§ **Task prompt**
Print the data exactly. Omit the pictures.

§ **Data excerpt**
┏━━

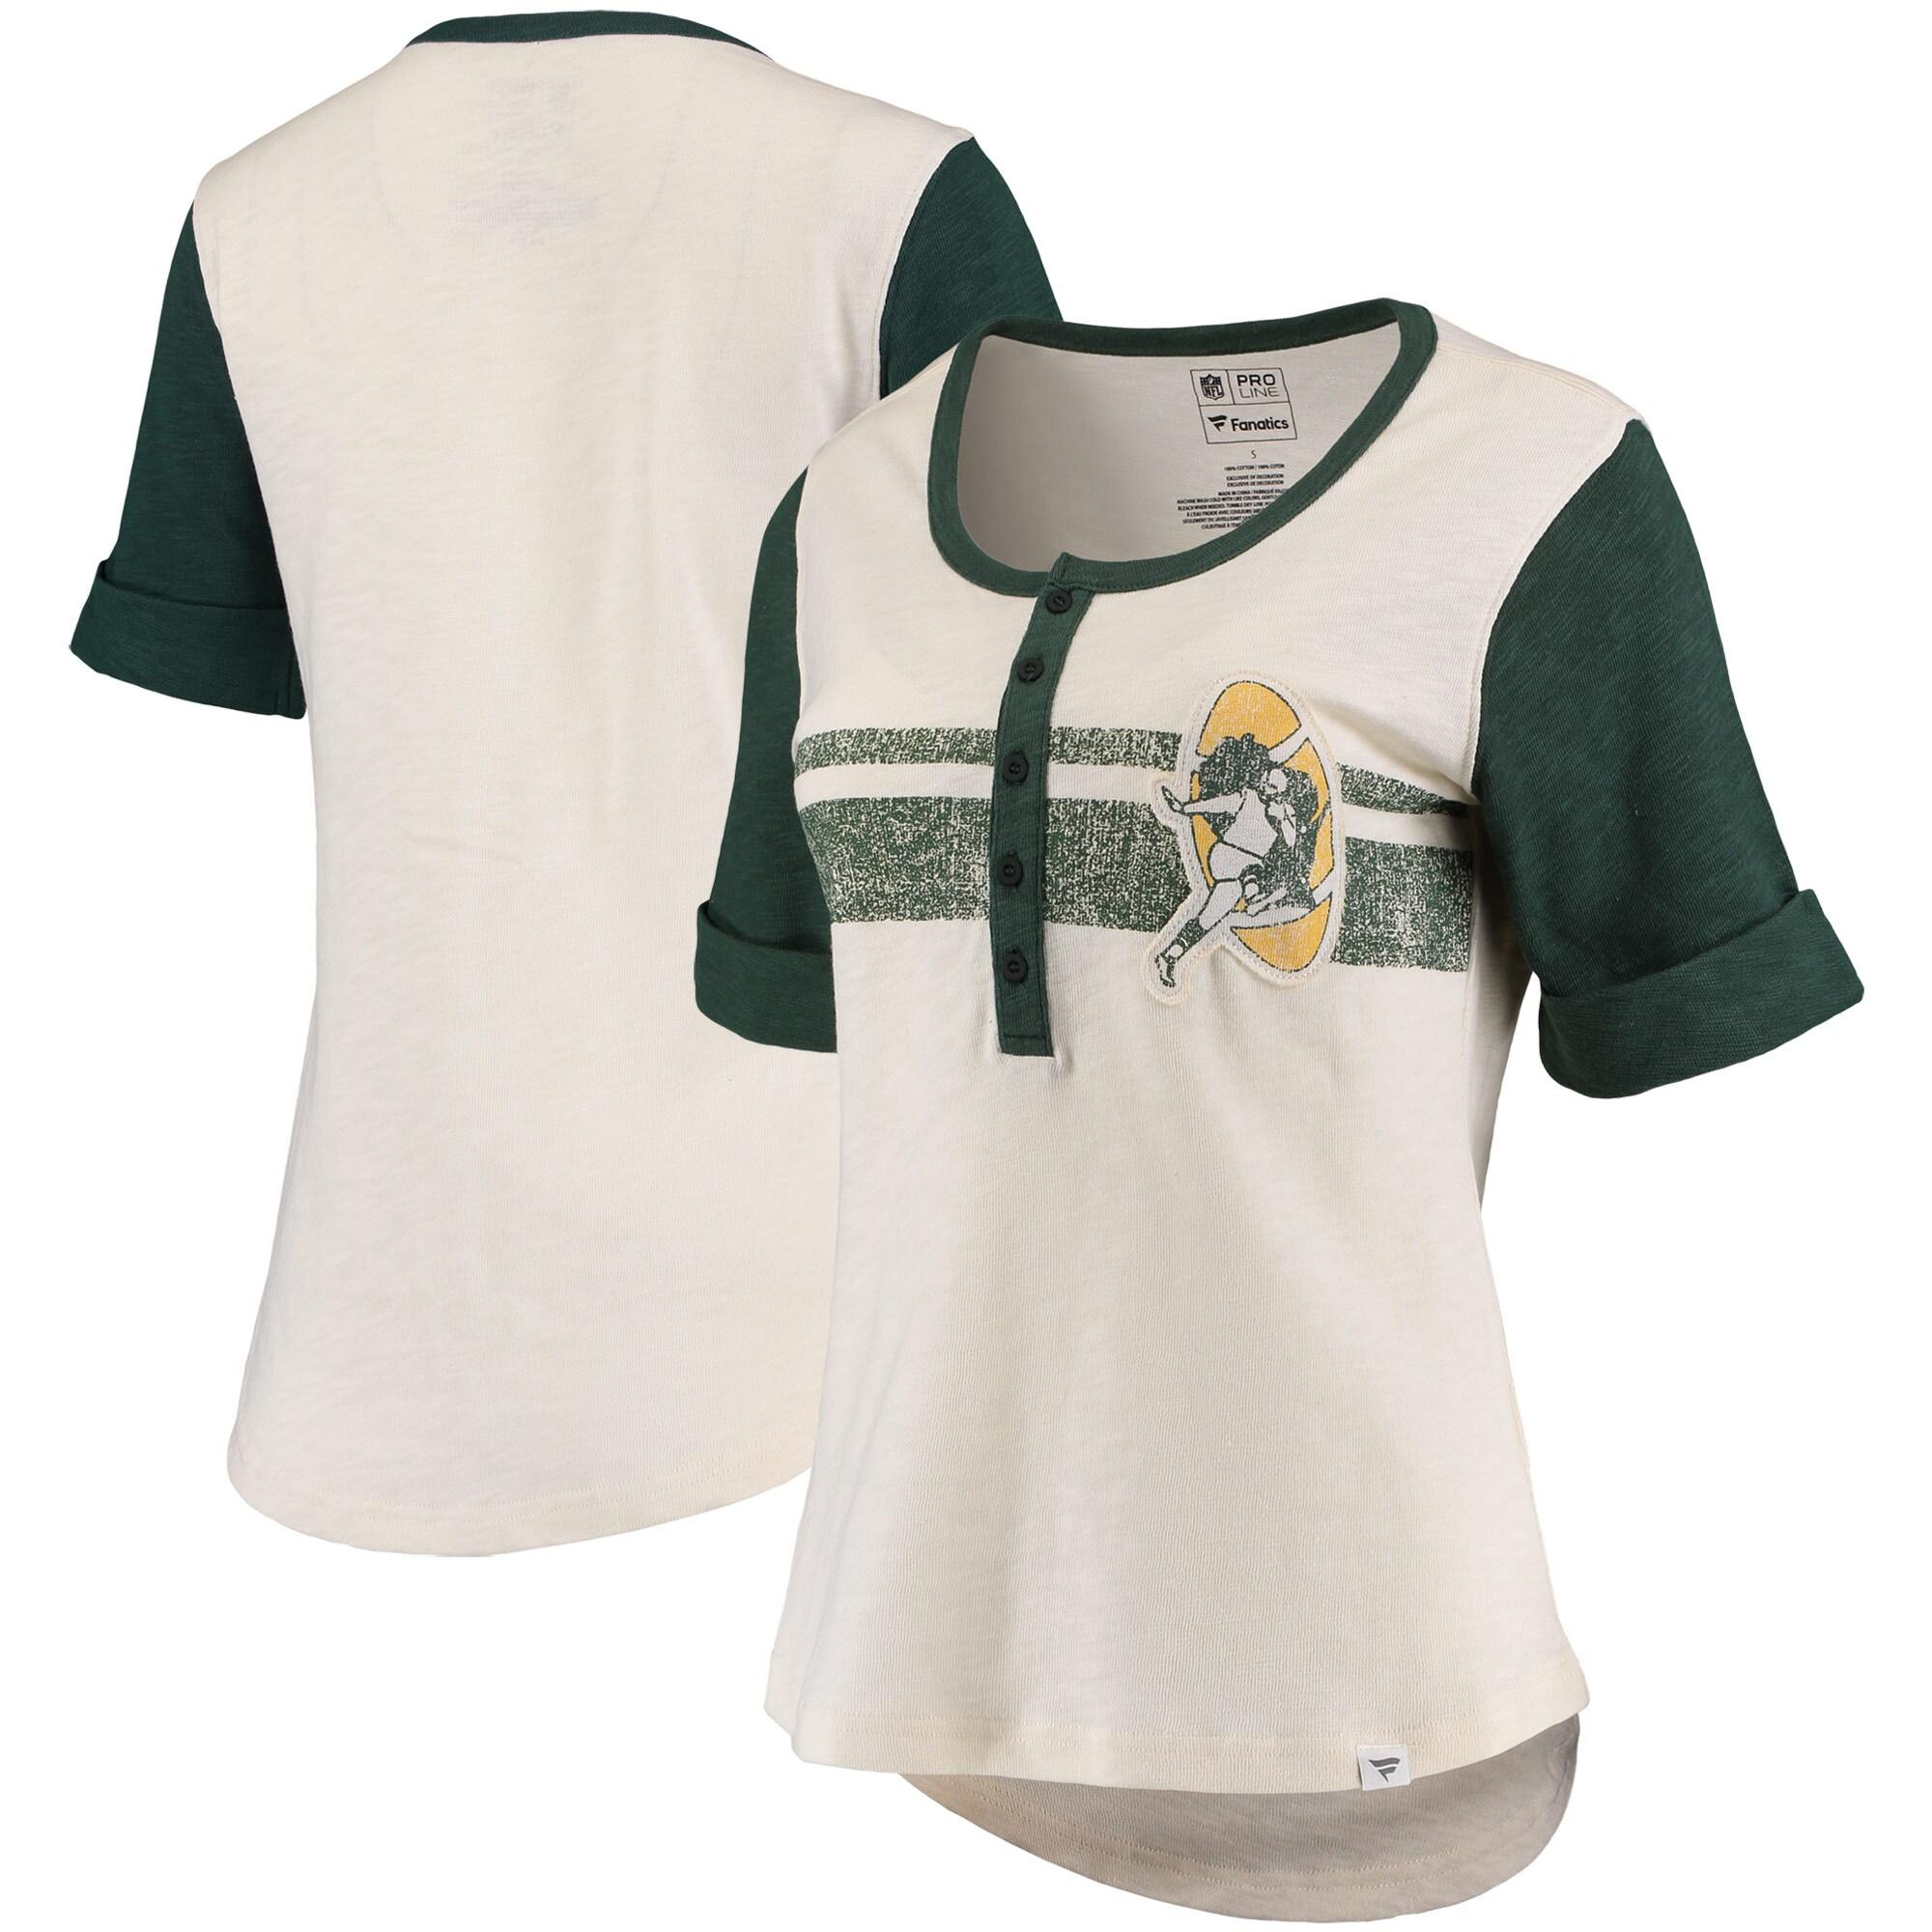 Green Bay Packers Fanatics Branded Women's True Classics Drop Tail Henley T-Shirt - White/Green
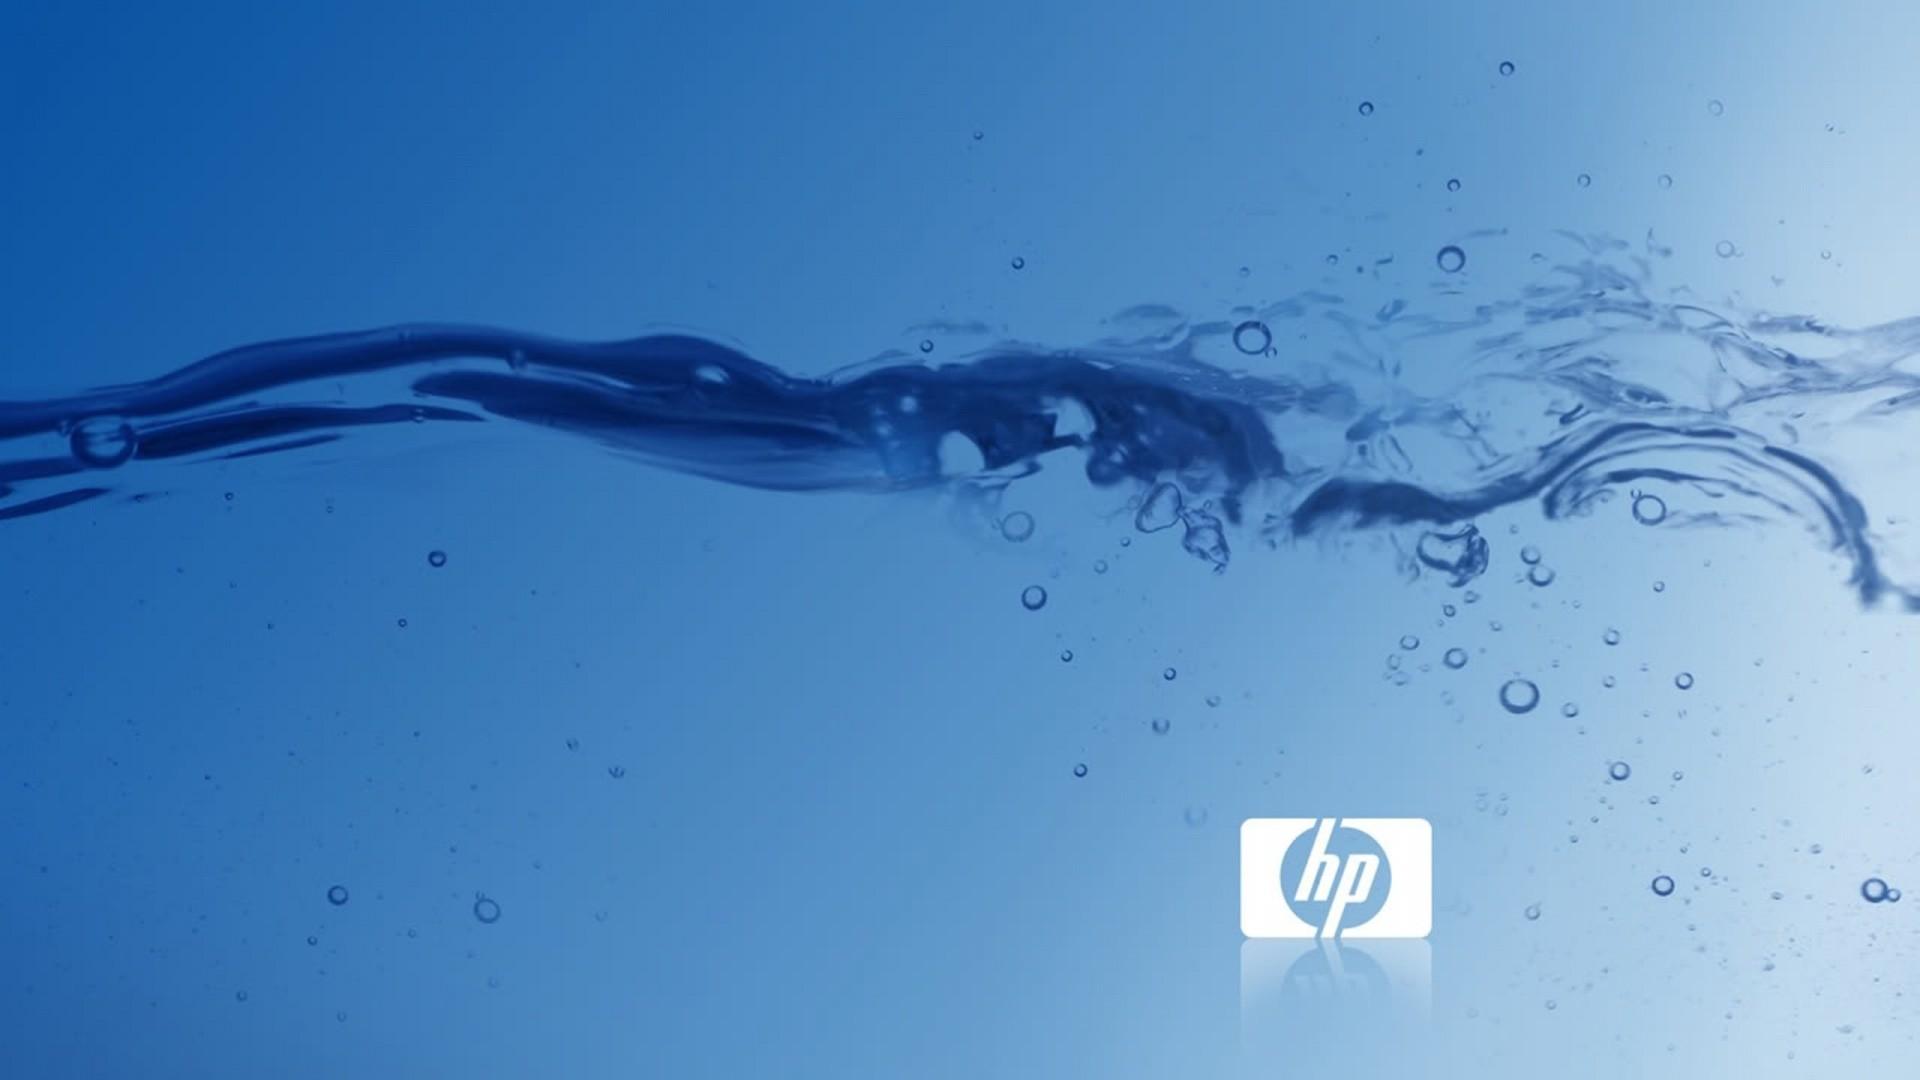 Photos HP Wallpapers HD.
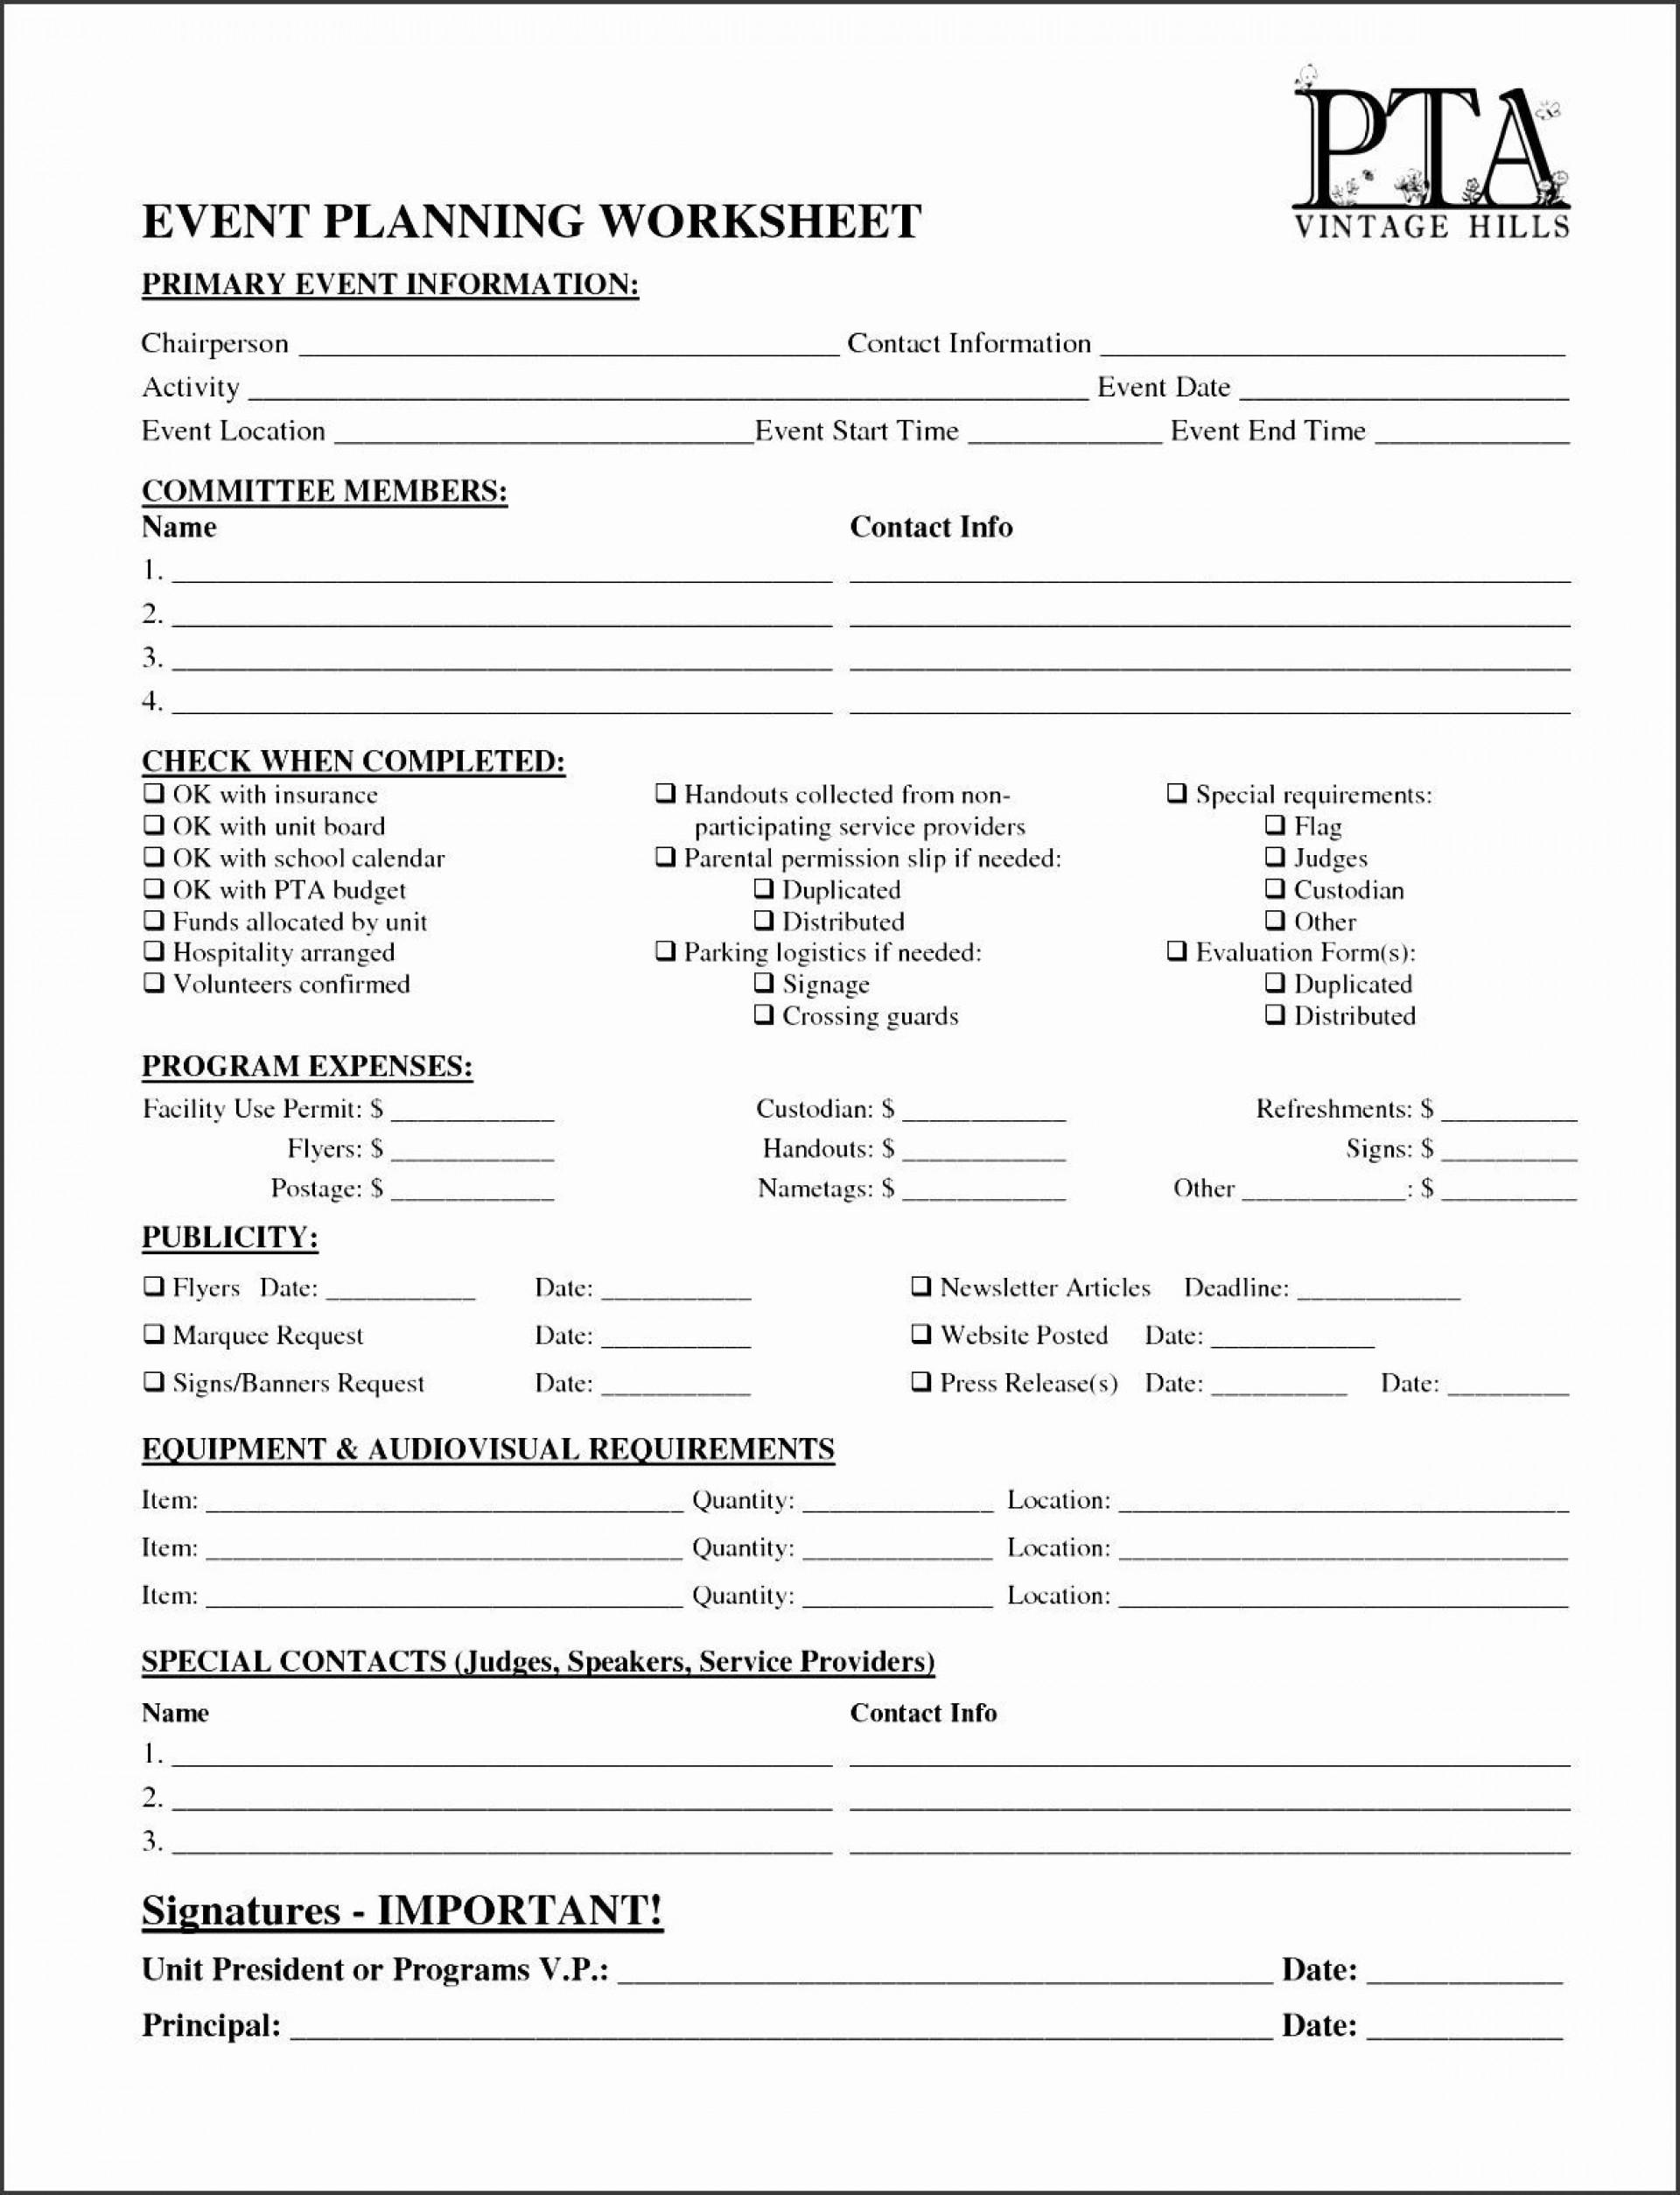 001 Simple Event Planning Worksheet Template Sample  Planner Checklist Budget1920

┗━━

§ **Finished exercise**
 Green Bay Packers Fanatics Branded Women's True Classics Drop Tail Henley T-Shirt - White/Green
 Photos HP Wallpapers HD.
 001 Simple Event Planning Worksheet Template Sample  Planner Checklist Budget1920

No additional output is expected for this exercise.